Experiment Preferences jobs-apply

Applying the Karpathy ratchet methodology to jobs-apply's interview conversion rate (currently ~0%) will identify at least 3 lockable configuration improvements within 10 iterations

ratchetcareeroptimization
Hypothesis

Applying the Karpathy ratchet methodology to jobs-apply's interview conversion rate (currently ~0%) will identify at least 3 lockable configuration improvements within 10 iterations

Result: pending

Changelog

DateSummary
2026-04-06Audited: last_audited stamped
2026-04-04Initial creation

Hypothesis

We bet that the Karpathy ratchet methodology : a tight loop of measure, hypothesize, implement, re-measure, lock gains : can drive interview conversion rate the same way it has driven quality metrics in other systems. The current jobs-apply interview rate from LinkedIn messages is 0%: 24 conversations, 12 of which were recruiter cold outreach, 0 of which were application responses. This metric is now measurable end-to-end via the Gmail crawl pipeline.

The key insight is that the experiment counter must load from disk: results.tsv is the global state, not in-memory counters. Every iteration must read the current locked floor before proposing a new experiment.
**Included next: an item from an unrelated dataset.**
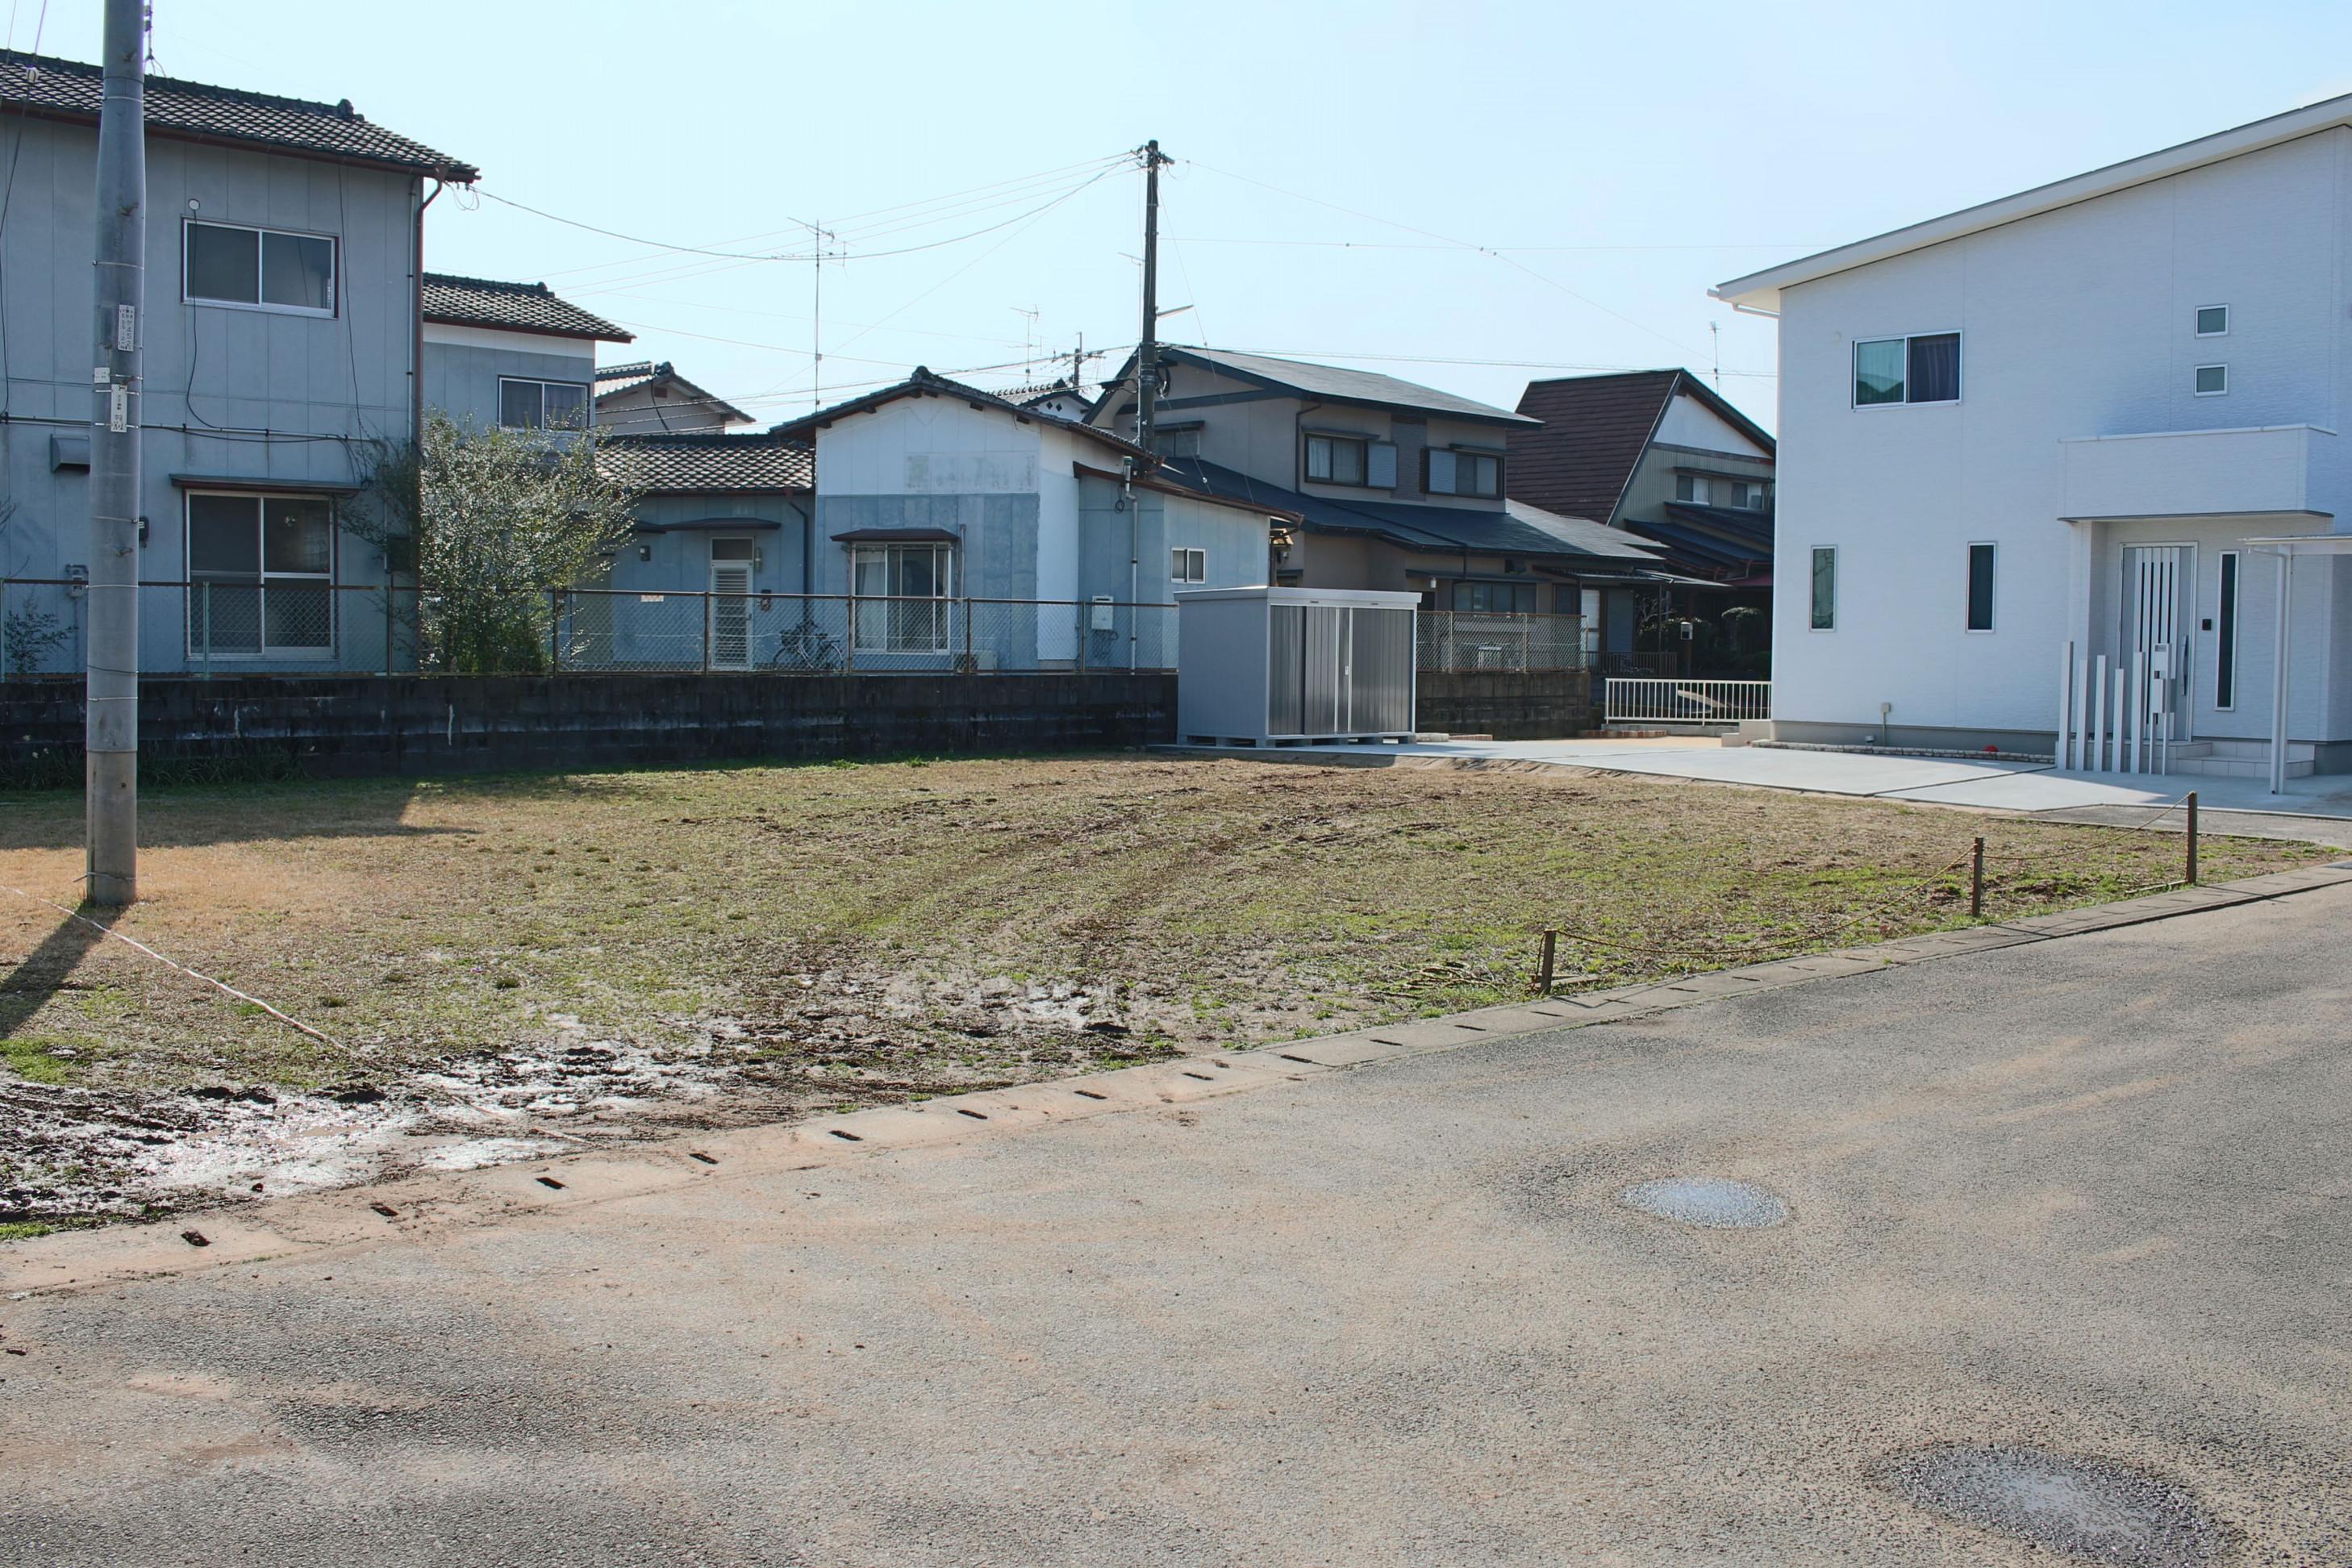 ◆【売地】鹿島市犬王袋分譲地 5号地です。Aコープかしま本店まで約1200mです。
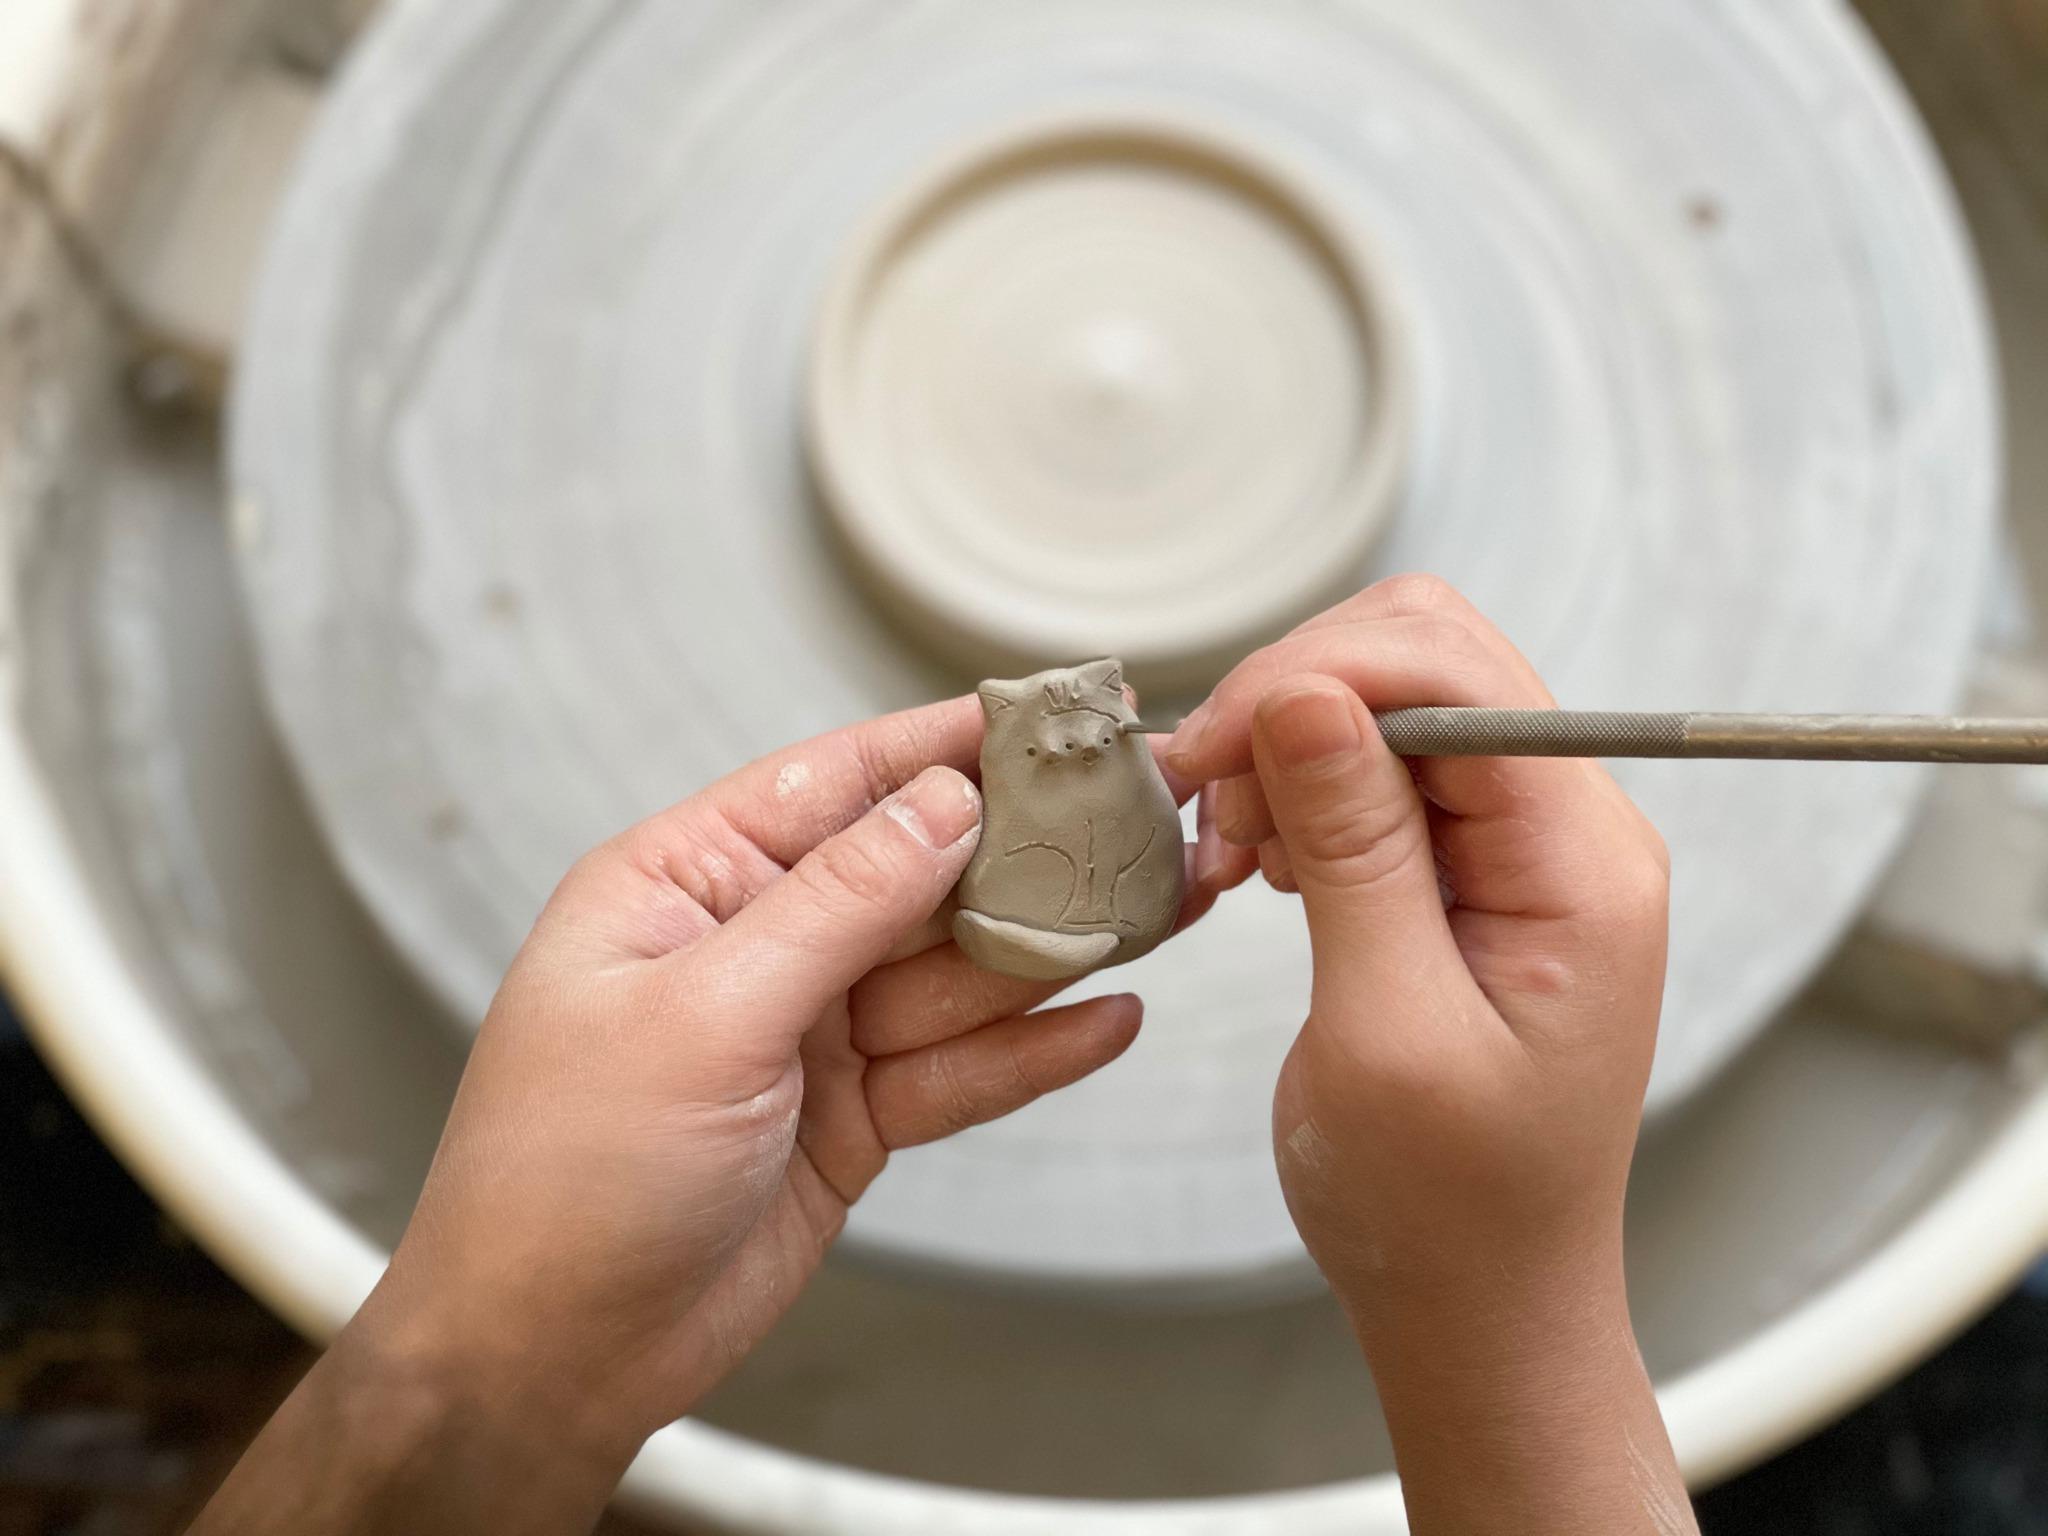 2021情人節 情人節工作坊 workshop 體驗活動 情侶活動 手工 陶瓷 陶藝

The hypothesis is that systematic experimentation on application quality dimensions : J-Score threshold, resume tailoring aggressiveness, cover letter personalization, company targeting criteria : will produce measurable interview conversion improvements within 10 iterations, because these are the variables closest to the decision that hiring managers make.

Method

  1. Define metric: Interview conversion rate = interviews / total_applications. Track via Gmail crawl pipeline (already classifies interview signals).
  2. Baseline measurement: current rate across all channels (LinkedIn, Greenhouse, Lever, Direct, Workday). Use the CHRO audit system data.
  3. Initialize ratchet: results.tsv in jobs-apply root with columns: experiment_id, config_param, value_before, value_after, metric_before, metric_after, locked
  4. Phase 1 (experiments 1-3): Vary J-Score minimum threshold. Current: accept all scores. Test: minimum 60, 70, 80. Hypothesis: higher quality targeting produces more interviews even with fewer applications.
  5. Phase 2 (experiments 4-6): Vary resume tailoring. Test: generic resume vs keyword-optimized vs full rewrite per posting. Measure callback rate.
  6. Phase 3 (experiments 7-10): Vary cover letter strategy. Test: no cover letter vs template vs AI-personalized vs STAR-format with company-specific hooks.
  7. Lock criterion: if an experiment improves interview conversion by >= 1pp AND doesn’t regress application volume by > 20%, lock it as the new floor.

Results

Pending. Baseline measurement required before iteration begins. Expected timeframe: 2-3 weeks per phase (need sufficient application volume for statistical significance).

Findings

Pending.

Next Steps

If confirmed, extract the cross-project ratchet configuration as a reusable template. Apply to bloomnet (data freshness) and redcorsair (API reliability) as described in the source idea.